Cependant, les différents efforts fournis et initiatives lancées restent manifestement insuffisants pour assurer les prérequis d’une transformation digitale aboutie et résorber une fracture numérique patente que la crise de la Covid-19 n’a fait qu’exacerber, a fait observer le président du Conseil.


« Plusieurs faiblesses et fragilités peuvent expliquer cette situation notamment un retard accusé dans la mise en œuvre de politiques antérieures de transformation digitale au niveau de plusieurs secteurs tels que l’administration, la santé, l’éducation et l’industrie le caractère parcellaire et parfois inadapté du cadre législatif et réglementaire, notamment en matière de télétravail, une faible couverture géographique en infrastructures Internet haut débit et très haut débit », a-t-il précisé à cet effet.


« Il s’agit également du nombre insuffisant d’acteurs technologiques marocains, de la faible production du contenu digital, culturel et éducatif national, en plus de la feuille de route nationale en matière d’IA qui peine à voir le jour ou à se déployer », a-t-il estimé.


Comment réussir la transition numérique ?

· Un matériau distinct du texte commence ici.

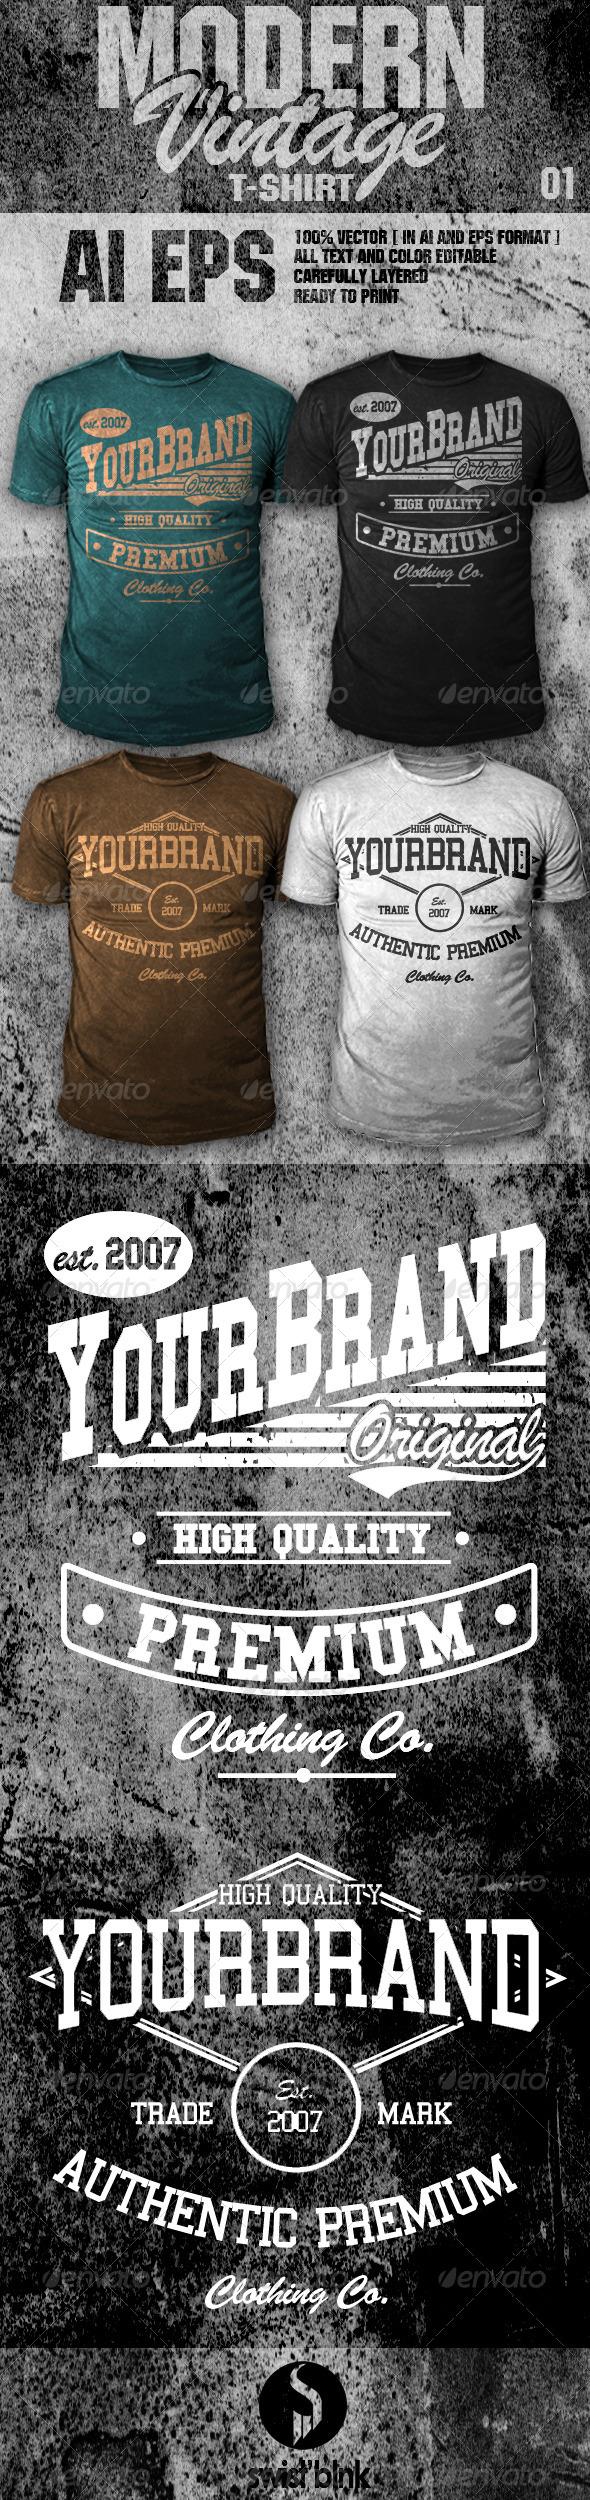 GraphicRiver Modern Vintage T-Shirt 01 6594379

Pour le président du CESE deux prérequis sont nécessaires pour réussir cette transition : « premièrement, assurer, dans un délai maximal de trois ans, un accès généralisé à l’Internet haut débit et très haut débit, à l’ensemble de la population, avec une qualité de service satisfaisante et un prix concurrentiel abordable et deuxièmement, moderniser, dans un délai maximal de trois ans, les services administratifs par la digitalisation de l’ensemble des procédures administratives », a fait savoir le président du CESE.

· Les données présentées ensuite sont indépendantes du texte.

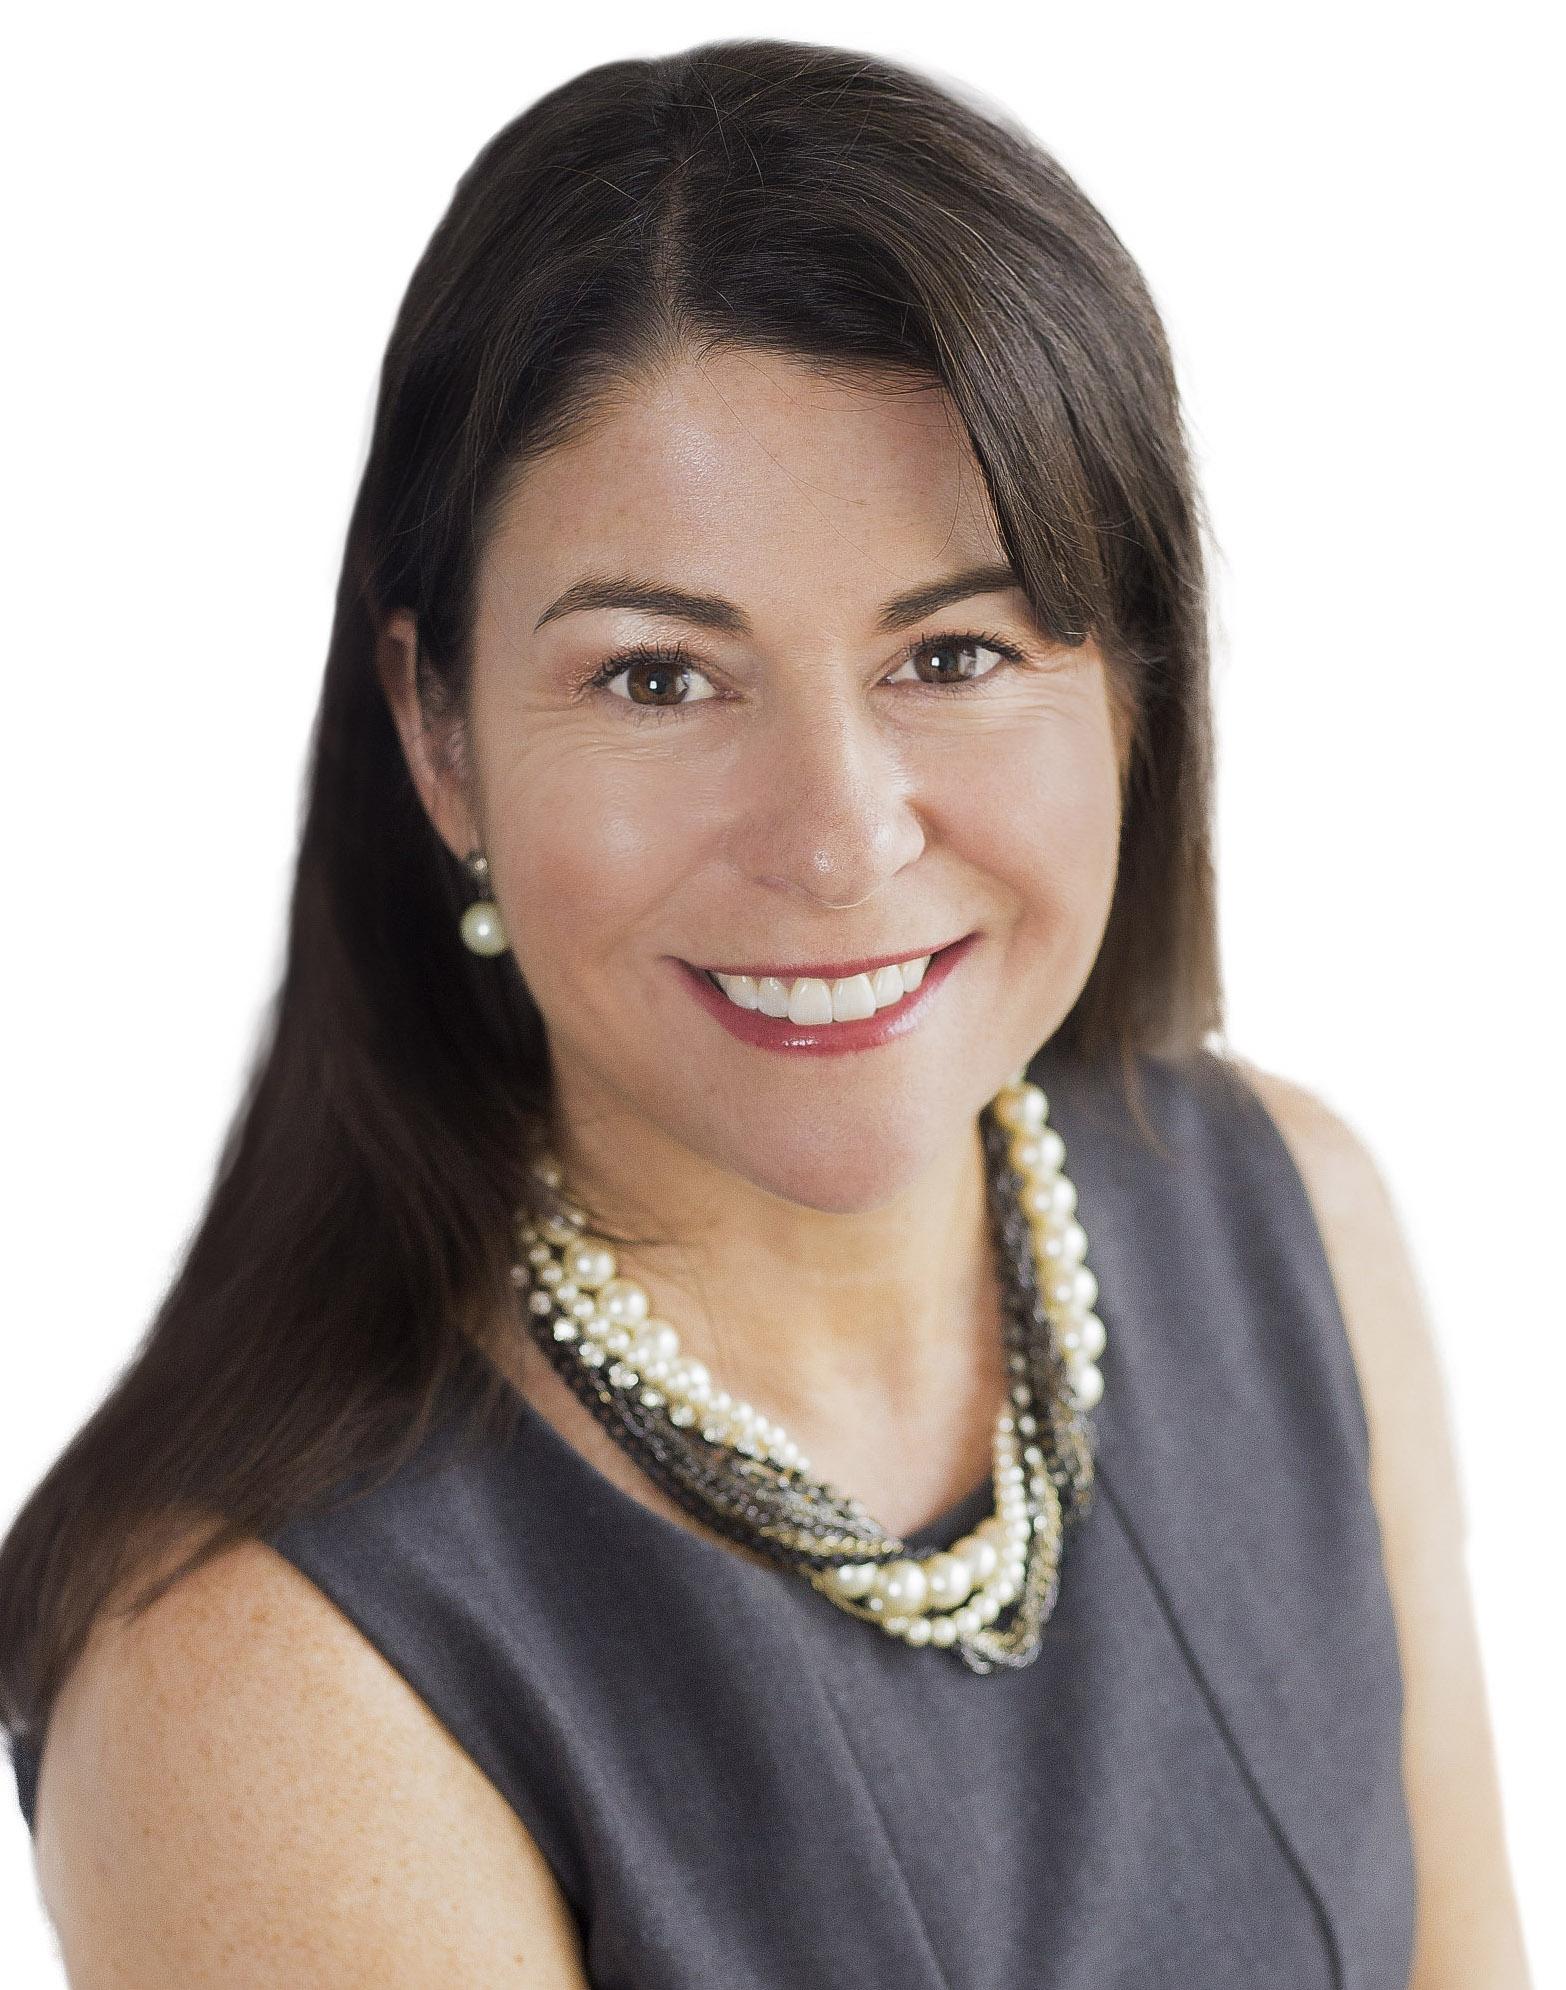 Victoria Stultz

C’est donc sur la base de ce diagnostic que le CESE a formulé une série de 9 recommandations pour faire du digital un véritable levier de développement économique et social du pays :


  • Assurer, dans un délai maximal de trois ans, un accès généralisé à l’Internet haut débit et très haut débit, à l’ensemble de la population, avec une qualité de service satisfaisante et un prix concurrentiel abordable.
  • Moderniser, dans un délai maximal de trois ans, les services administratifs par la digitalisation de l’ensemble des procédures administratives.
  • Se doter d’un cadre réglementaire complet, adapté et en phase avec l’évolution de la digitalisation au niveau international.
  • Renforcer la cybersécurité et la souveraineté numérique.
  • Accélérer la transformation digitale des entreprises et dynamiser l’industrie du digital en s’appuyant sur des partenariats public-privé (PPP).
  • Promouvoir la recherche et développement en matière de transformation digitale.
  • Mettre en place une politique nationale dédiée à l’intelligence artificielle (IA) en lui accordant la priorité dans le chantier de la transformation digitale au vu de son importance capitale aux plans stratégique et économique.
  • Promouvoir les startups impliquées dans la création d’outils et d’applications numériques dédiés à la promotion du contenu culturel marocain.
  • Accélérer le déploiement du paiement mobile avec l’interopérabilité à l’échelle nationale pour rattraper le retard accusé en matière d’inclusion financière et diminuer l’usage du numéraire.